Thanks! I meant it as in אז, but it is useful to know the other one as well. I think I've heard כל כך before, with something about food. האכל כל כך טוב. Something like that (which can be related to your example as well).

Once again, thanks.


----------



## בעל-חלומות

eshcar said:


> Well, if you mean 'so' as in, for example 'so, what have you been up to lately?" then you would use אז, and the translation of that sentnce would be "אז, מה עשית לאחרונה?"


 
Also, נו or a combination of the two, נו אז.


----------



## אדם

Where would you use נו instead of אז? And how is that pronounced? No, nav, nu?


----------



## eshcar

> Where would you use נו instead of אז? And how is that pronounced? No, nav, nu?


 
I'd say that נו and אז are interchangeable almost always, so, for example, these 2 sentences are equal.
אז, מה עשית בזמן האחרון?
נו, מה עשית בזמן האחרון?​ 
However, נו _(_pronounced _nu_)has a slight exhortative shade to it. So, in these 2 sentences:​אז, הולכים לסרט?
נו, הולכים לסרט?​ 
the first sentence would be simply "so, are we going to the movies?"
and the second would be more "so, are we going to the movies (already)?" or "come on. are we going to the movies?"​ 
נו is a very common word in hebrew, and it has several shades of meaning. I'll try to give examples of the usages I know, but I hope other users will add their own input.​ 
First, the exhortative use, which I already demonstarted. Often as an interjection - translated into 'come on'. Say, if you're calling someone on the phone and they don't answer, you can say נו, תענה כבר! (_come on, pick up already!_). A variant is נו כבר, which is the same, only more emphatic.​ 
Secondly, as an interrogative particle - translated into 'well'.
For example, when asking someone's opinion about something - נו? מה נראה לך? (well? what do you think?)​ 
Thirdly, as a sign of resignation, like in נו, מה אפשר לעשות? (_oh well, what can you do?_). Also when answering נו, טוב and נו, בסדר, which would translate into 'oh, alright (then)'.​ 
Well, that's all I can think about right now, though I'm sure I've left some usages out...​


----------



## Gadyc

Hauser said:


> Where would you use נו instead of אז? And how is that pronounced? No, nav, nu?


 
Exactly like in Russian, it came from.


----------



## אדם

Thanks Eschar. So is אז more like, "So, how are you?" (אז, מה שלומך) and נו when referring to something that is already supposed to happen, or more like an event. "So, are we going to the movies now?" which implies that they already should have been at the movies.

Is that correct?


----------



## eshcar

Hauser said:


> Thanks Eschar. So is אז more like, "So, how are you?" (אז, מה שלומך) and נו when referring to something that is already supposed to happen, or more like an event. "So, are we going to the movies now?" which implies that they already should have been at the movies.
> 
> Is that correct?


 
Yes and No. Let me try to explain myself  - I didn't mean that the use of אז and נו is limited to any specific tense. 
When asking/stating about something that isn't in the future, like in your suggestion - מה שלומך? then נו and אז are *completely interchangeable*, and נו  loses it's exhortative shade because, well, ther's nothing to exhort...
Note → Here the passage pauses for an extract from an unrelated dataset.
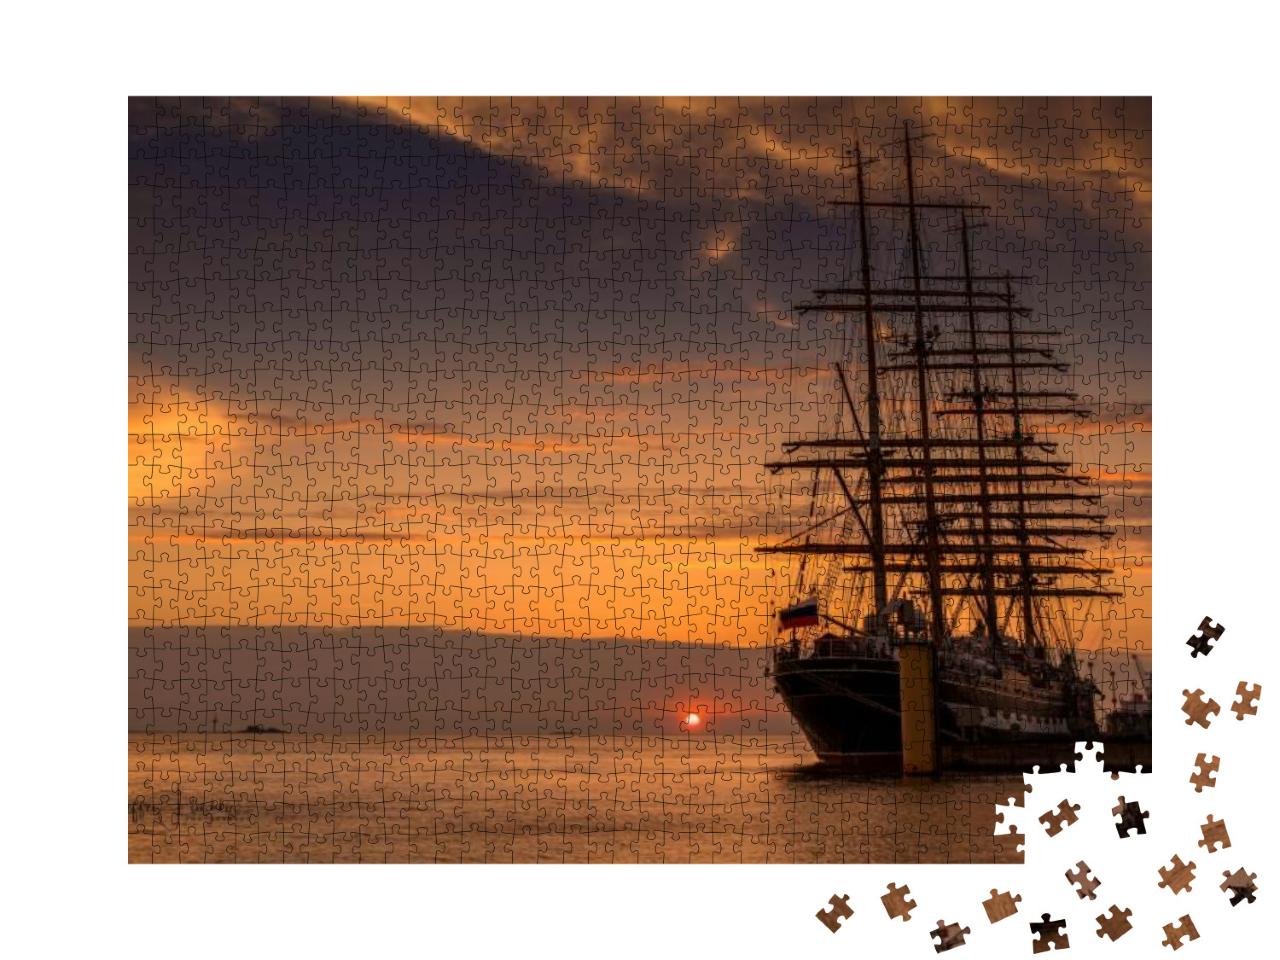 Puzzle 1000 Teile „Segelschiff zurück im Hafen: Sonnenuntergang an der Nordsee“

When asking/talking about something in the future, then *you can also use both אז or נו*, but the meaning of the sentences will be slightly different, with נו having an exhortative shade (as I showed in one of the previous posts).


----------



## אדם

That makes sense.

I understand that they are interchangable, but tell me if the sense of these two sentences make sense:

נו, אנחנו ללכת עכשו??​ 
אז, אנחנו ללכת עכשו?​ 
Where the first one is more like, "So, are we going to go now??" Like we already should have, but the second is the same, but more an actual geniune question of, "Are we going to go now?"


----------



## eshcar

Hauser said:


> That makes sense.
> 
> I understand that they are interchangable, but tell me if the sense of these two sentences make sense:
> 
> נו, אנחנו הולכים עכשיו??​
> אז, אנחנו הולכים עכשיו?​
> Where the first one is more like, "So, are we going to go now??" Like we already should have, but the second is the same, but more an actual geniune question of, "Are we going to go now?"


 
Yes, exactly!
I wasn't sure that you'd get it - my explanation was kinda vague, I thought, but you got the gist of it alright. 
Go you!


----------



## אדם

Haha thanks. About עכשיו I wrote it without the yud cause that's what it showed on one of the dictionaries online, while it showed with a yud on another (I didn't know which one to trust). Just to clarify, that is pronounced _Ach'shav_ right? And is הולכים "going" rather than ללכת "to go"?


----------



## eshcar

Hauser said:


> Haha thanks. About עכשיו I wrote it without the yud cause that's what it showed on one of the dictionaries online, while it showed with a yud on another (I didn't know which one to trust). Just to clarify, that is pronounced _Ach'shav_ right? And is הולכים "going" rather than ללכת "to go"?


 
First of all - yes, it is pronounced _ach'shav_ (can't see why the dictionary didn't show a yud - it's always written with a yud)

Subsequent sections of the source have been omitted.